(The data)
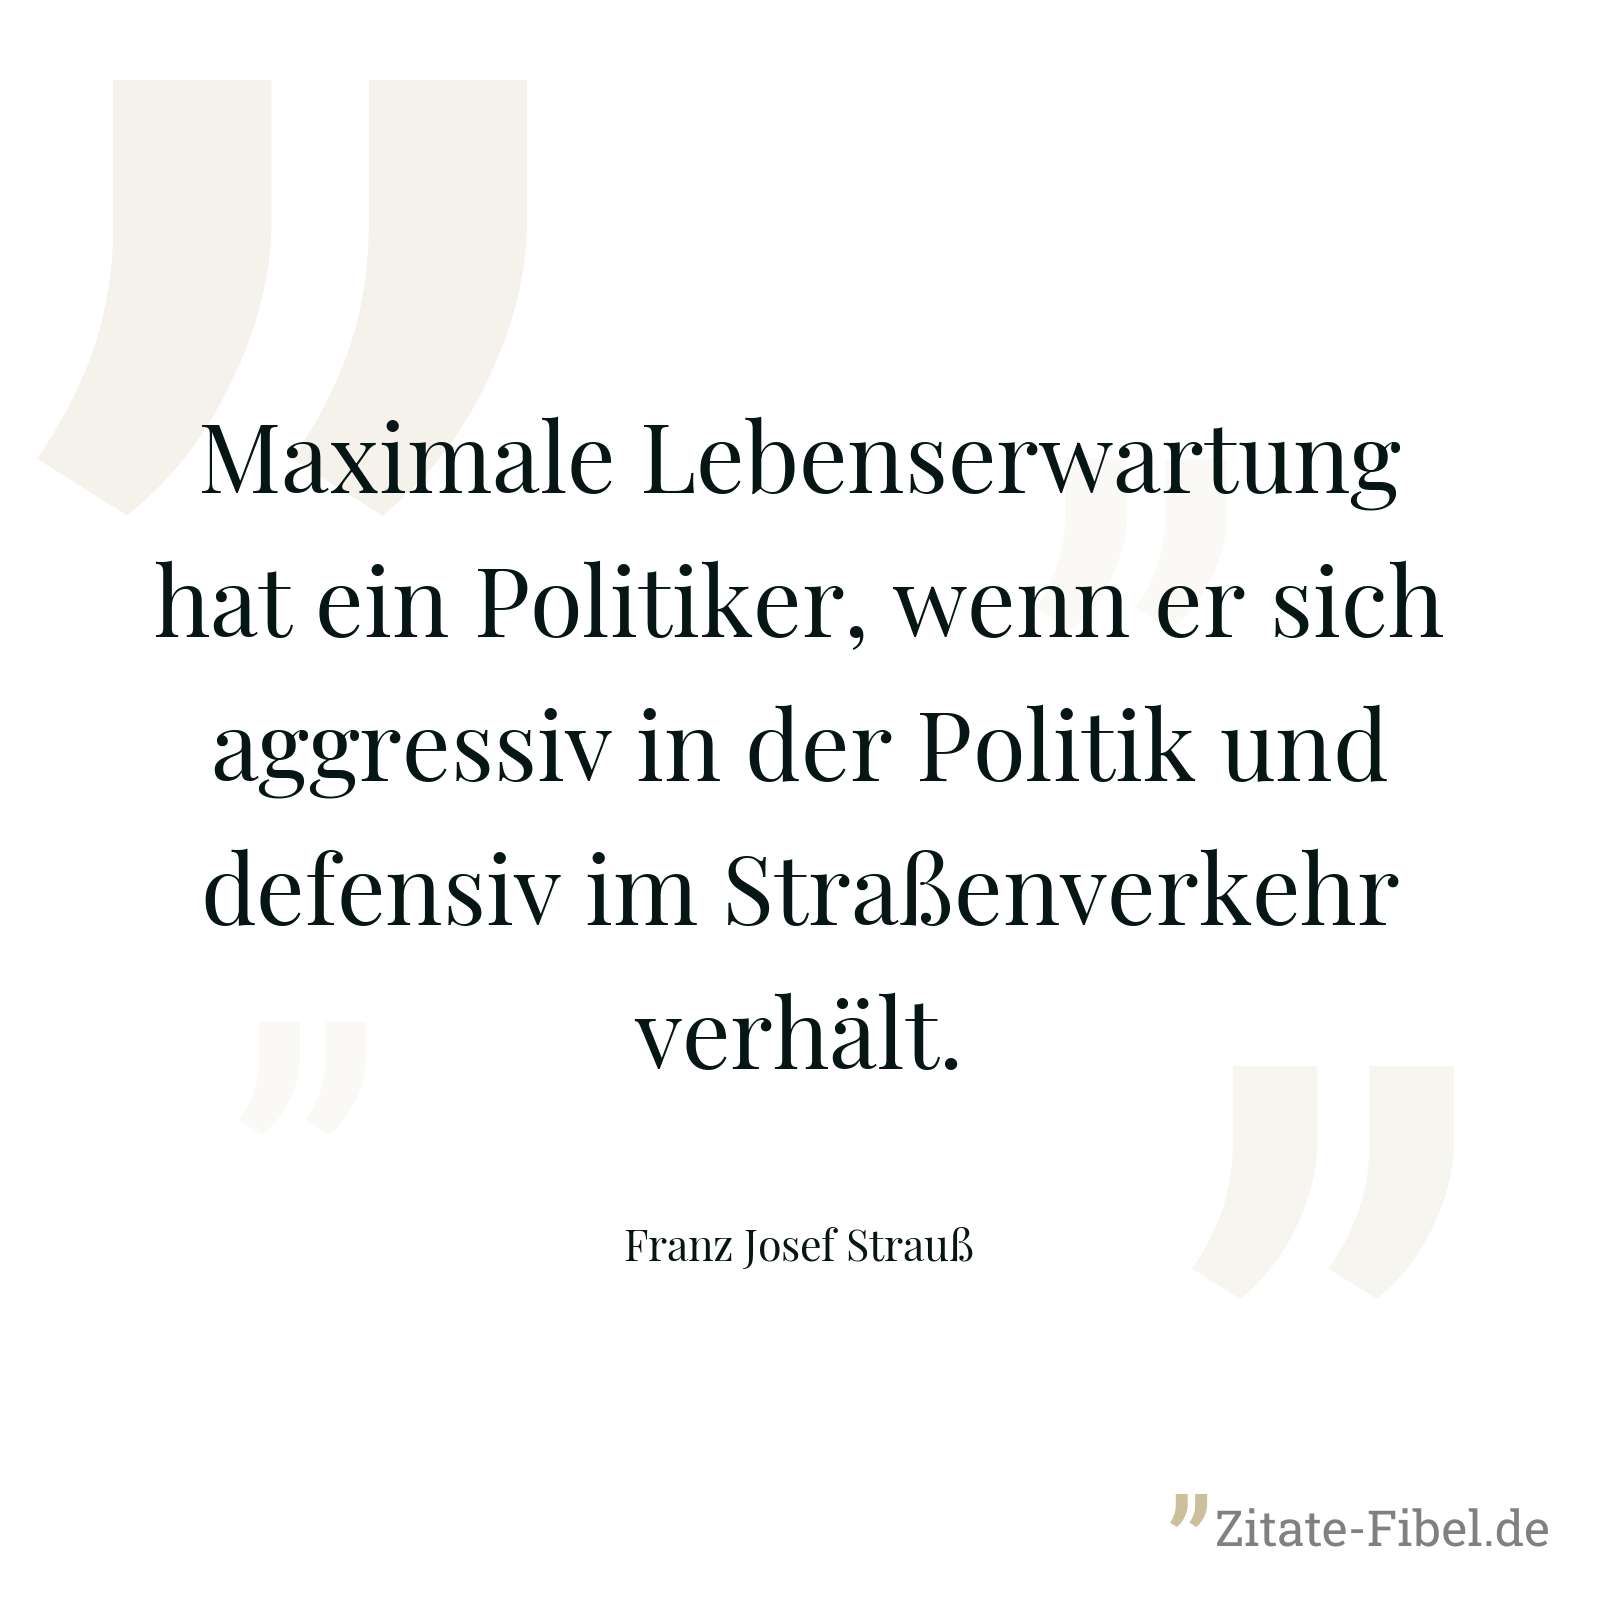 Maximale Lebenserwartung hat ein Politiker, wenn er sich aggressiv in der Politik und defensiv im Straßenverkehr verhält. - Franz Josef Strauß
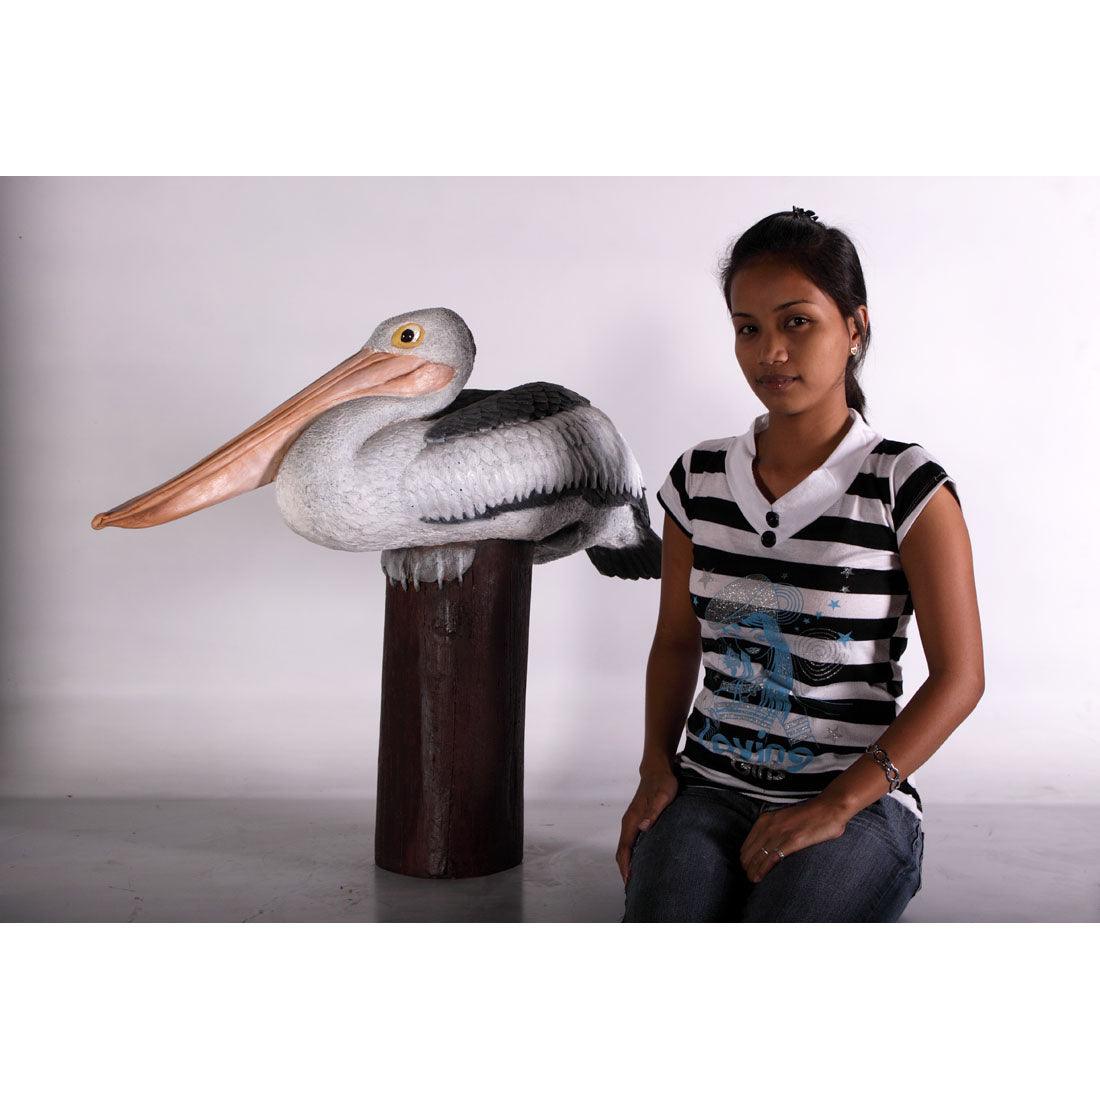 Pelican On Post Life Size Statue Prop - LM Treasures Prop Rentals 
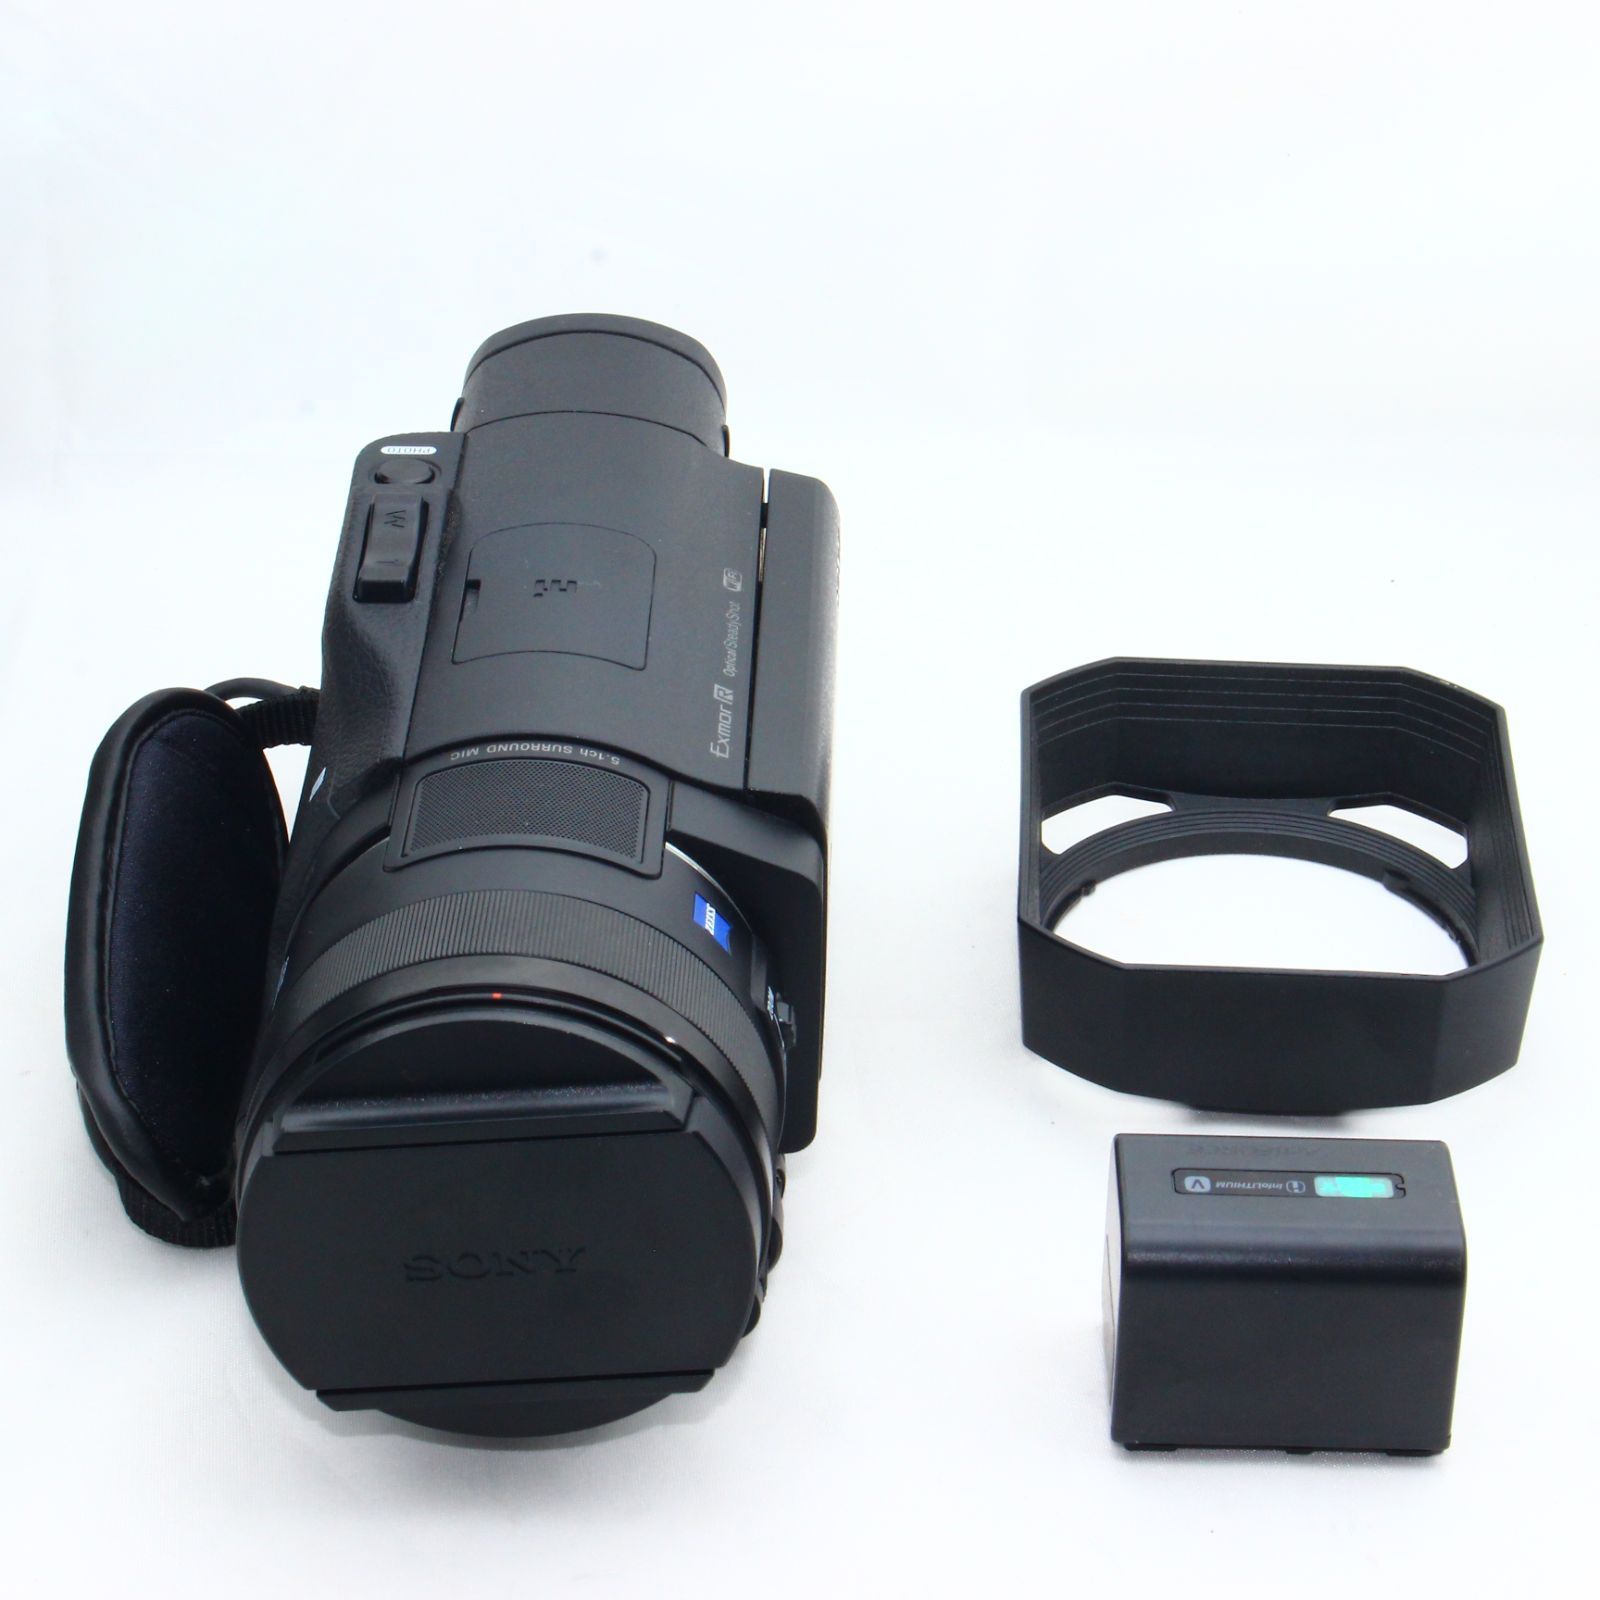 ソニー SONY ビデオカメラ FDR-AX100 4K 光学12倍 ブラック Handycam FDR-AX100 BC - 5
(End The data)
# Exercise prompt
Please, without any of the pictures, set down exactly the lines from the beginning of the listing to the line that contains "Pelican On Post", inclusive.

# Exercise solution
 Maximale Lebenserwartung hat ein Politiker, wenn er sich aggressiv in der Politik und defensiv im Straßenverkehr verhält. - Franz Josef Strauß
 Pelican On Post Life Size Statue Prop - LM Treasures Prop Rentals 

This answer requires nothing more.